A sharp decline in the popularity of diesel-fueled automobiles, triggered by the Volkswagen emissions scandal, has created greater demand for gasoline-fuelled vehicles. That has sparked further consumption of palladium, because of its crucial role in the manufacture of catalytic converters for gasoline-fuelled vehicles.
There has been considerable speculation, since palladium’s price rallied to record highs, that automakers will switch to cheaper platinum, which is trading at less than half of palladium’s price and is used an auto-catalyst in diesel powered motor vehicles.
It has been estimated that it would take considerable technological improvements and changes in the manufacturing process for platinum to be substituted, making it highly unlikely that such a switch would ever occur.
Supply constraints
Aside from growing demand, a key driver of palladium’s massive rally has been a wide range of supply issues, including production disruptions. Furthermore, the white metal is usually a by-product of platinum and nickel mining, meaning that decisions to boost production typically lag price gains.

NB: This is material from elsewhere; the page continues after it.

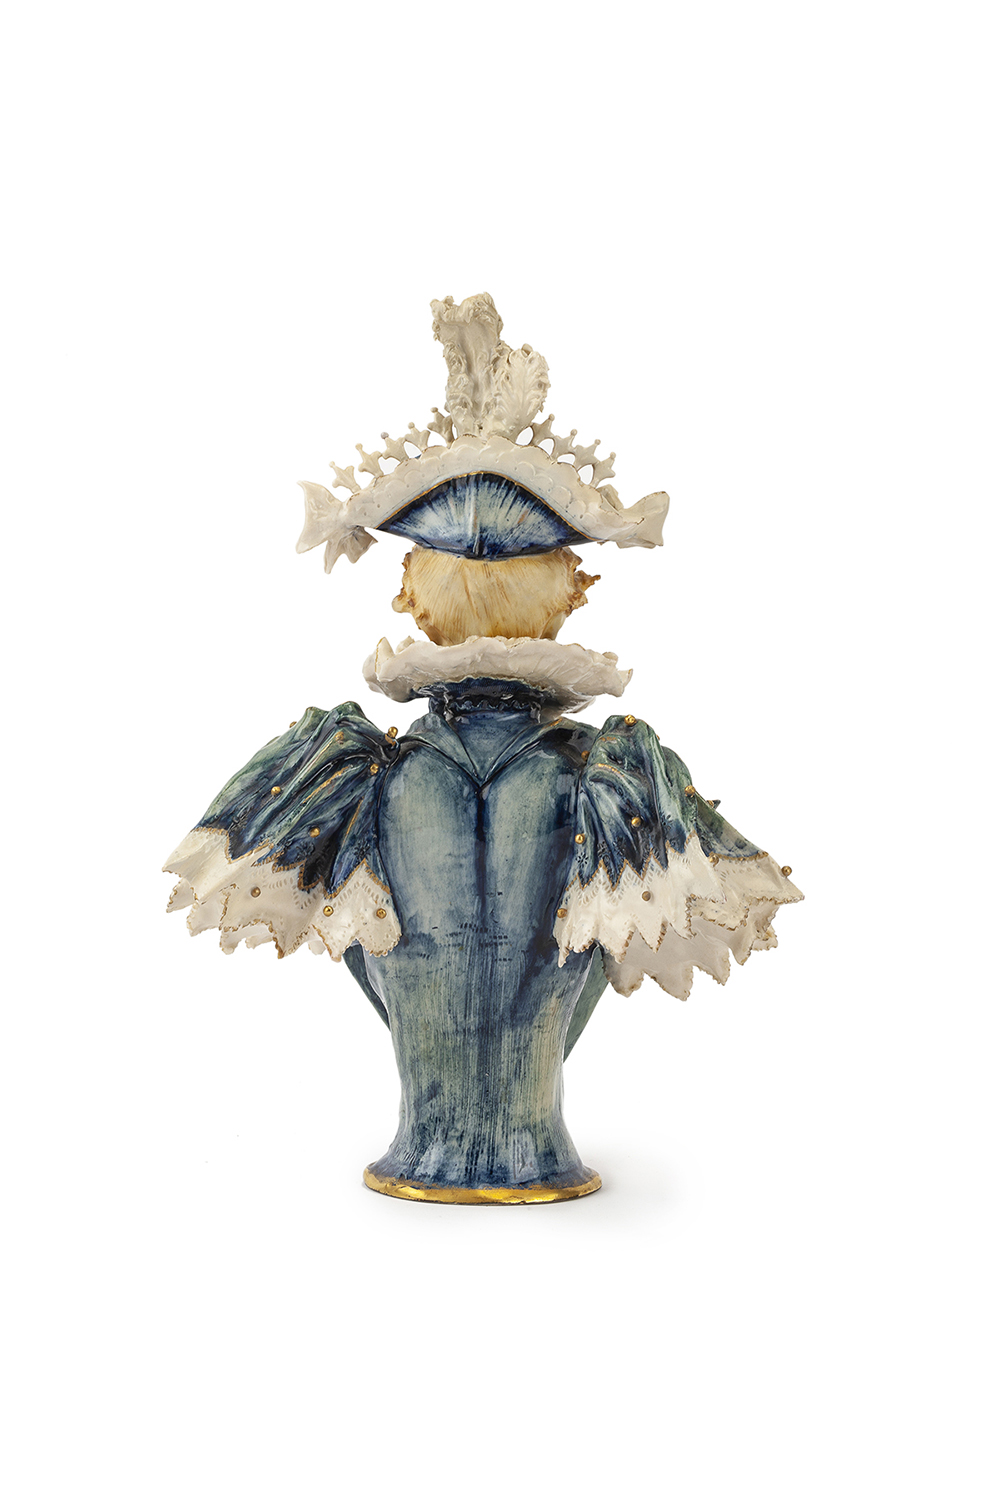 An RStK Amphora porcelain bust of a woman, Eduard Stellmacher - Image 3 of 4

When coupled with significant production outages in South Africa, which is the world’s second-largest palladium producer, has experienced significant industrial unrest and electricity shortages, which have weighed heavily on mining operations.
U.S. sanctions against Russia have also fanned fears over global palladium supply being further crimped, helping to push its price higher. Gold’s latest rally, triggered by rising geopolitical and economic risk, has been a boon for all precious metals, giving silver, platinum and palladium a solid lift.
What has emerged is a structural market deficit that won’t be addressed anytime soon, meaning that palladium has further to rally.
Profiting from higher palladium
One of the best ways to profit from higher palladium since North American Palladium was acquired by Impala Platinum Holdings is to buy Ivanhoe Mines (TSX:IVN).
Ivanhoe gained a stunning 72% over the last year, vastly outstripping the S&P/TSX Composite Index’s modest 15%. There are signs that Ivanhoe will soar higher, partly because of the promising outlook for palladium, but also due to plans to accelerate the commencement of production at its flagship Platreef mine. The project, located in South Africa, has been determined to have precious metals reserves of 17.6 million ounces of platinum, palladium, rhodium, and gold.
On reaching commercial production, it is anticipated that Platreef will produce 476,000 ounces of platinum, palladium, rhodium, and gold annually, which, with a cash cost of US$351 per ounce mined, makes it a highly profitable operation in the current operating environment. Those industry-low cash costs are also expected to make it Africa’s lowest-cost producer of platinum group metals, including palladium and rhodium.
Foolish takeaway
A structural supply deficit means it is impossible for global palladium production to meet growing consumption for the foreseeable future, meaning its price will continue to climb higher. That will be boon for palladium miners, and notably Ivanhoe, which is developing the large low-cost Platreef mine, making it likely that the miner will deliver considerable value during 2020 and outperform the broader market yet again.